There, I found myself in cinema hell. There were two movies: Charlie’s Angels and Finding Nemo. Having been recently introduced to the range of film history by a class at City College, I was troubled by the selection. But I’d gone to considerable trouble getting there, so I had to watch one of them, you see. I chose Charlie’s Angels. It was the wrong choice.

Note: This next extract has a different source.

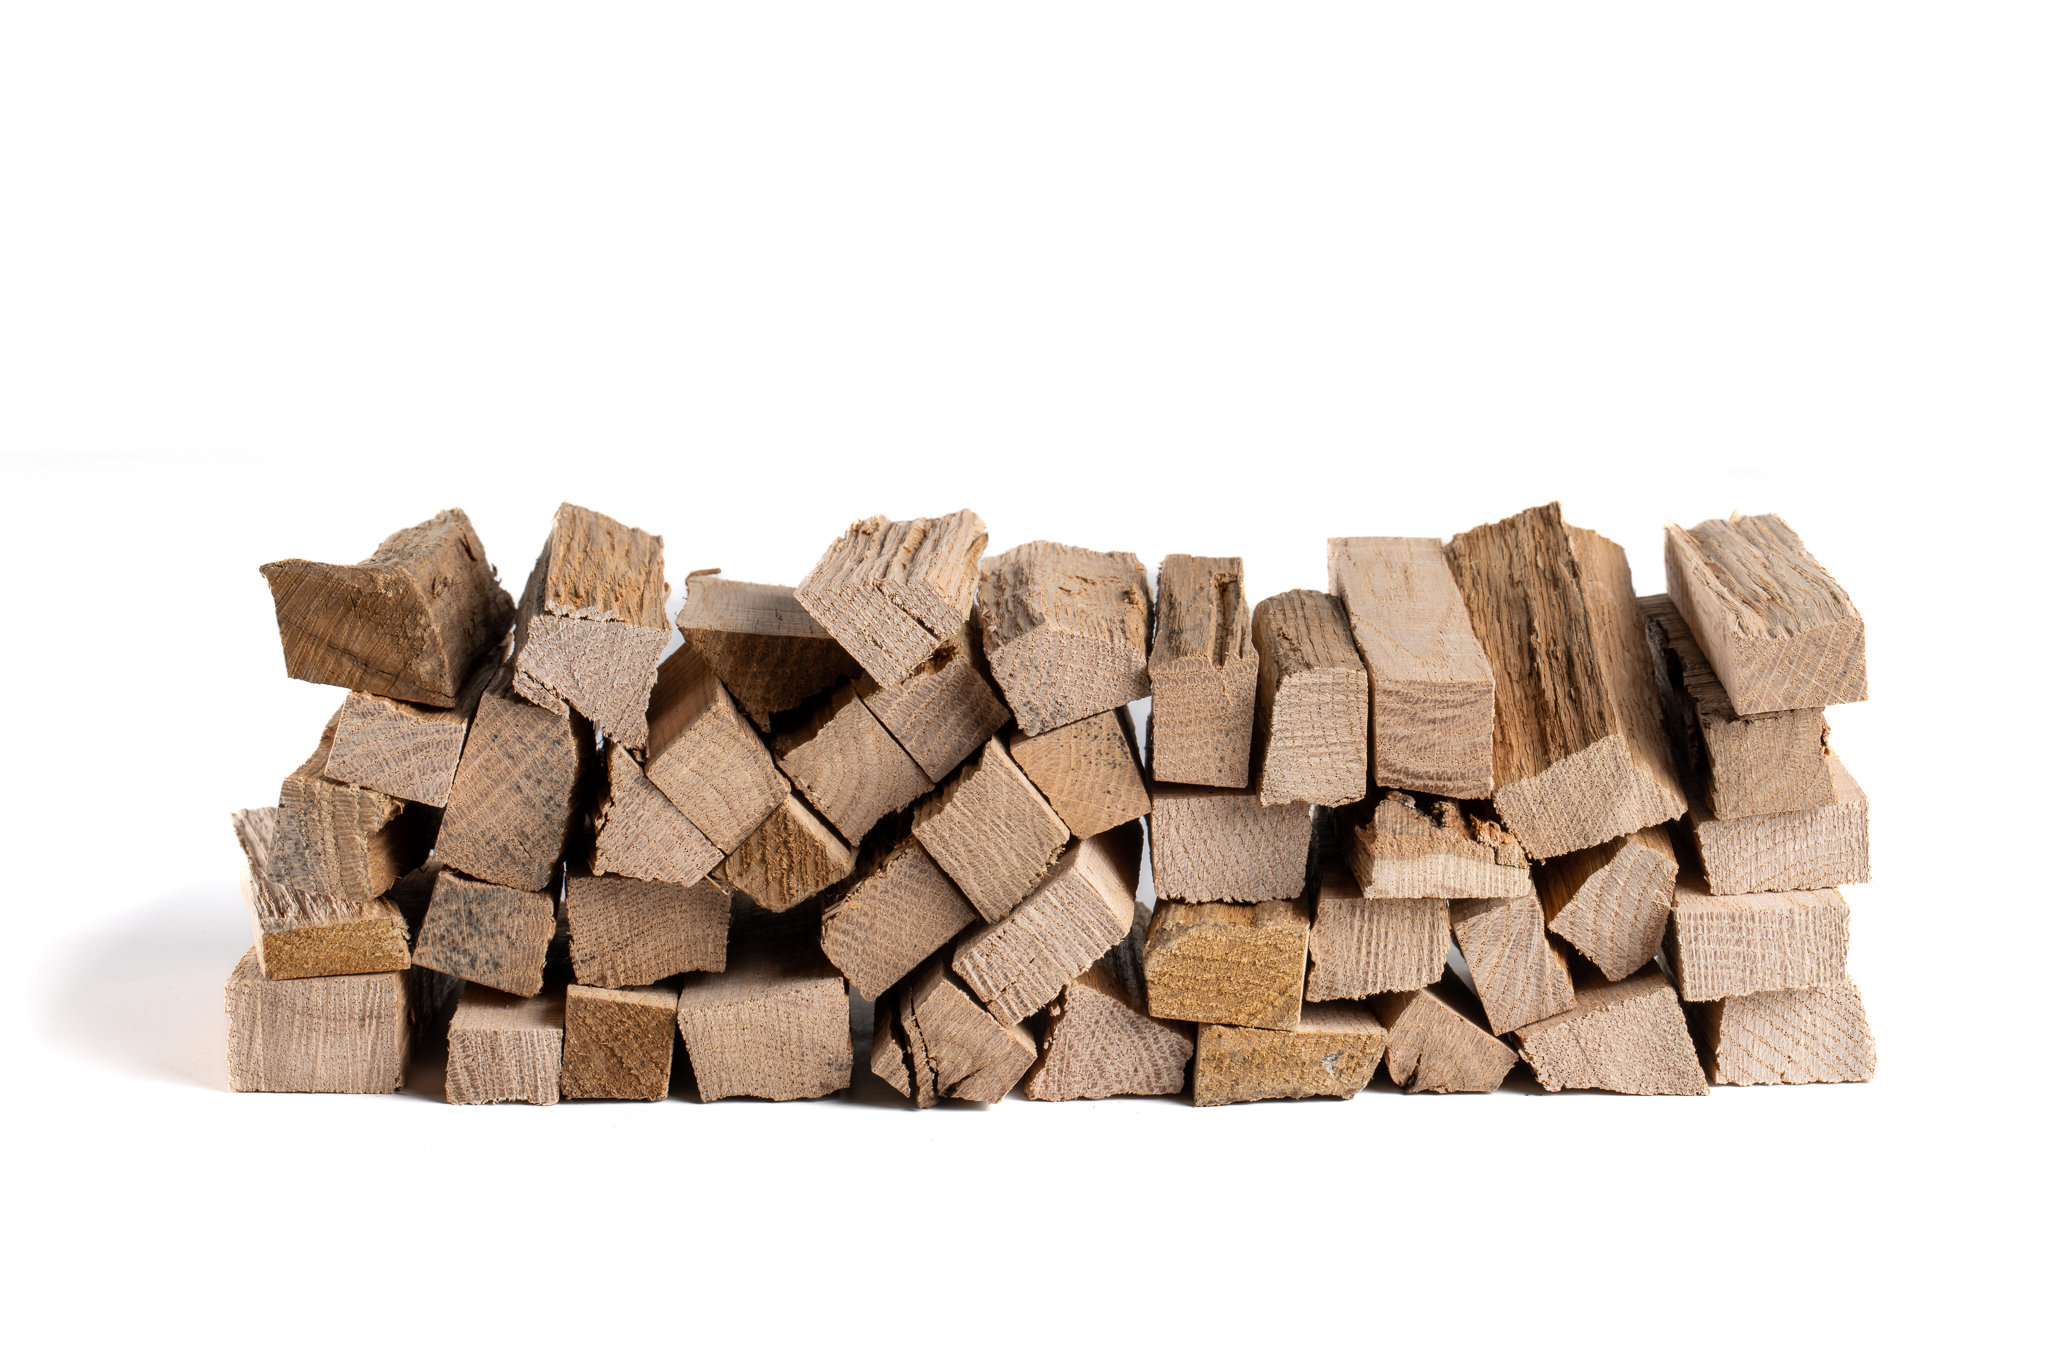 All-Natural Wood Chips - WNY Services LLC

I had over an hour to wait before the movie started, in a large shopping mall, devoid of shoppers. So, after a power tour of the shops, I decided to play American for the evening and dine at the nearby Planet Hollywood. I had a burger, it was good. I was the only customer (it was 5 pm on a Wednesday night). But of all things, I noticed that a 5.5% “service charge” was added to my bill; this seems a rather imperialistic attitude to make tipping mandatory in a country where the practice is rare. (It is not traditional to tip in Asia.)

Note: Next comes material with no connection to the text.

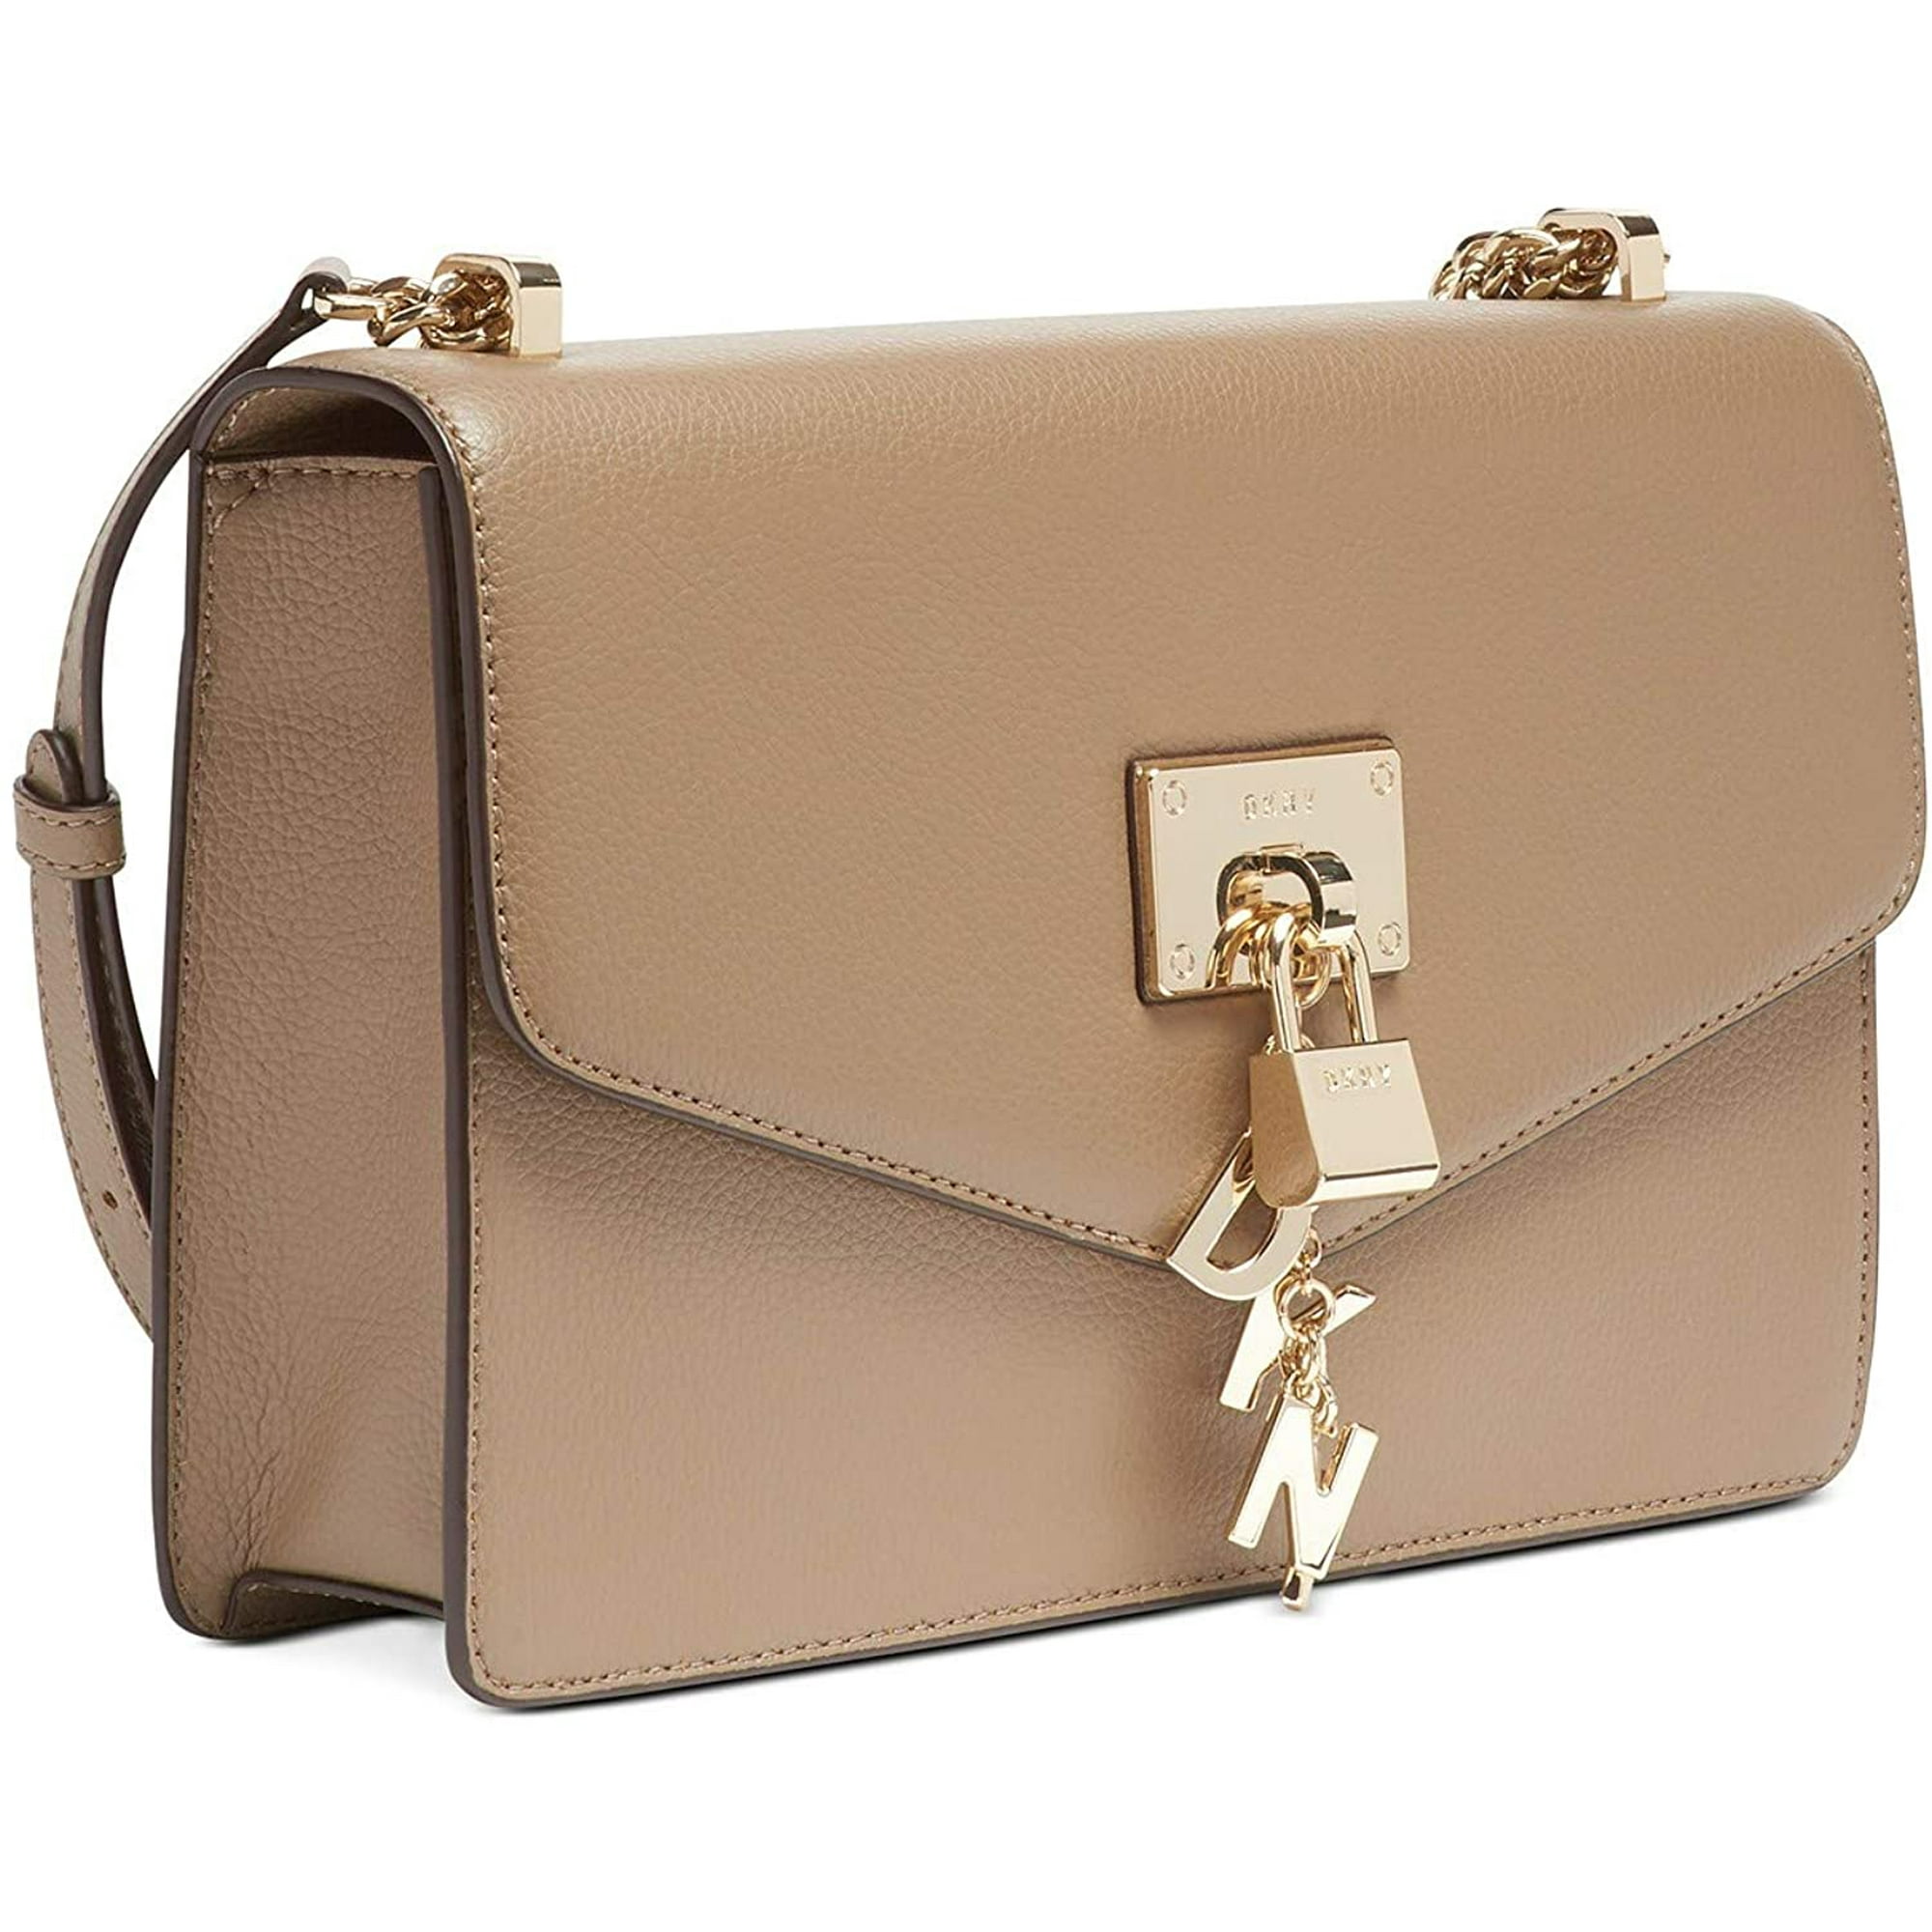 Bags from DKNY for Women in Brown

  • ATMs and Internet cafes are everywhere.
  • Pancakes with fruit are great: pineapple is best!
  • A taxi driver told me the police in Bali are corrupt.
  • My new favorite fruit is mangosteen. Looks like a beet on the outside, with a hard dark husk. Cracked open, the fruit inside is in sections like a white orange, moist and sweet.
  • Hindu temples are never more than one level high — due to concerns about unholy feet above holy heads. In fact, there is an historic law in Bali that no building shall be taller than a coconut tree — okay, except for big hotels.
  • One nice feature of cinemas in Asia is that seats are reserved. One picks from a display at the box office. Why don’t we do that in the US?
  • My experience suggests that city-wide power failures are commonplace weekly in Kuta.
  • Singapore Airlines provides a video screen for each seat. Each passenger may choose from a large selection of movies, TV shows, and music. Sure beats the old days of _the_ in-flight movie. I heard one passenger say she had watched 6 movies on the flight over!
  • Here’s one of those technological ‘oops’ stories: Rice production was tremendously increased when a new hybrid was introduced. But the insecticides required to sustain it killed the frogs and eels once common in the flooded rice paddies. (I wanted to taste eel there, but never found it on a menu; a guide told me he ate some at a festival I had attended — oops, missed it!)
  • The locals call foreigners “Boss” — apparently Australian slang. I found it oddly reminiscent of the chain gang. (Don’t ask about my past!)
  • If you can move your middle fingers independently (like Spock making the Vulcan ‘Live long and prosper’ gesture with fingers extended into a V), you have a promising future in Balinese dance!
  • The 3 bootleg DVDs I bought ($2 each) all worked!

Words I learned (Bahasa Indonesia):

  • ayam - chicken
  • bebek - duck
  • bintang - beer
  • bukit - hill
  • ganung - mountain
  • goreng - fried
  • indah - pretty
  • nasi - cooked rice
  • nusa - island
  • warung - food stall (snack bar)

Remember, if you don’t like where you are, you can always go somewhere else!